Collective Communication for Parallel and Distributed Processing

Supported in part by NSF grant CCR-9503838
Principal Investigator:
Philip K. McKinley
Department of Computer Science
Michigan State University

Project Description. High-performance computing has undergone many changes in recent years: trends include massively parallel processors (MPPs), local networks of workstations (NOWs), and even Internet-based parallel processing. A critical component in all such systems is the network through which processes communicate, including both the physical network architecture and the associated communication protocols. Communication operations among processes may be either point-to-point, which involves a single source and a single destination, or collective, in which more than two processes participate. Collective operations include multicast, broadcast, global combine, and barrier synchronization. Collective communication operations are important to parallel and distributed applications for data distribution, global processing of distributed data, and process synchronization.

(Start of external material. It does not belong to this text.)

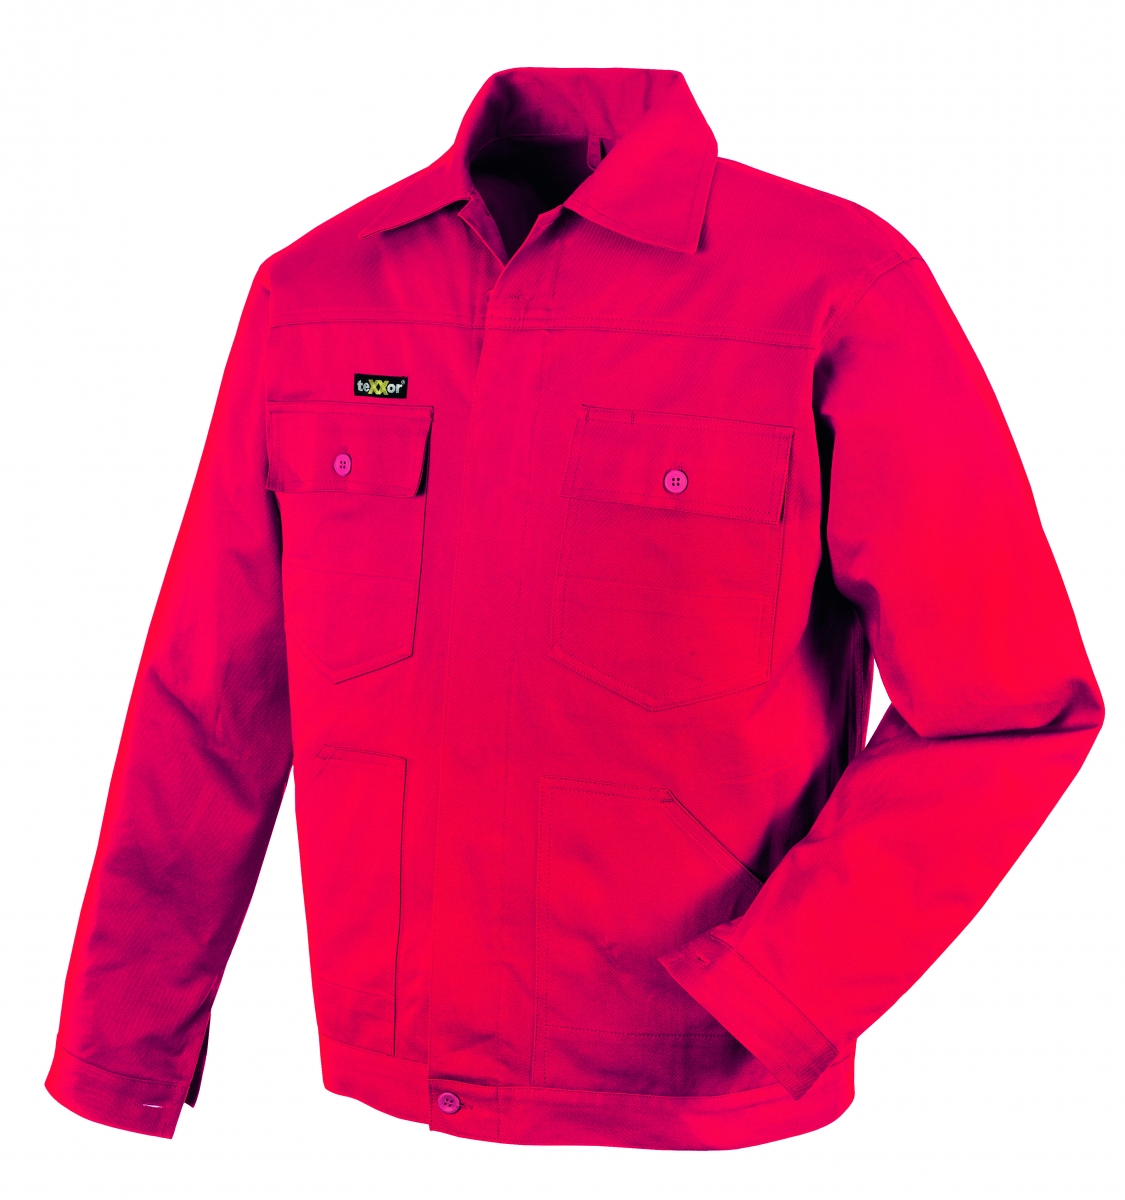 BIG-TEXXOR-Arbeits-Berufs-Bund-Jacke, 290g/m², rot

This research project addresses several issues in collective communication as used in parallel and distributed processing, including: design of low-level architectural support for collective operations, development of algorithms to implement collective operations efficiently on various platforms, and the use of efficient collective operations to improve the performance of specific applications. Much of our work has focused on the design of collective communication operations for wormhole-routed networks. In particular, we developed an Extended Dominating Node (EDN) model, which we used to construct various collective algorithms for multiport wormhole systems. We also developed a Multicast Virtual Topology (MVT) model, which we used to construct collective algorithms for both wormhole systems and NOWs that use cut-through switching. Our NOW-based collective communication work includes solutions that are process-based, thread-based, as well as support for multicast operations within network interface cards. All these operations exploit the underlying characteristics of the specific networks in order to improve performance. Our ongoing investigations focus primarily on simulation and experimental studies of collective operations on a variety of distributed-memory platforms.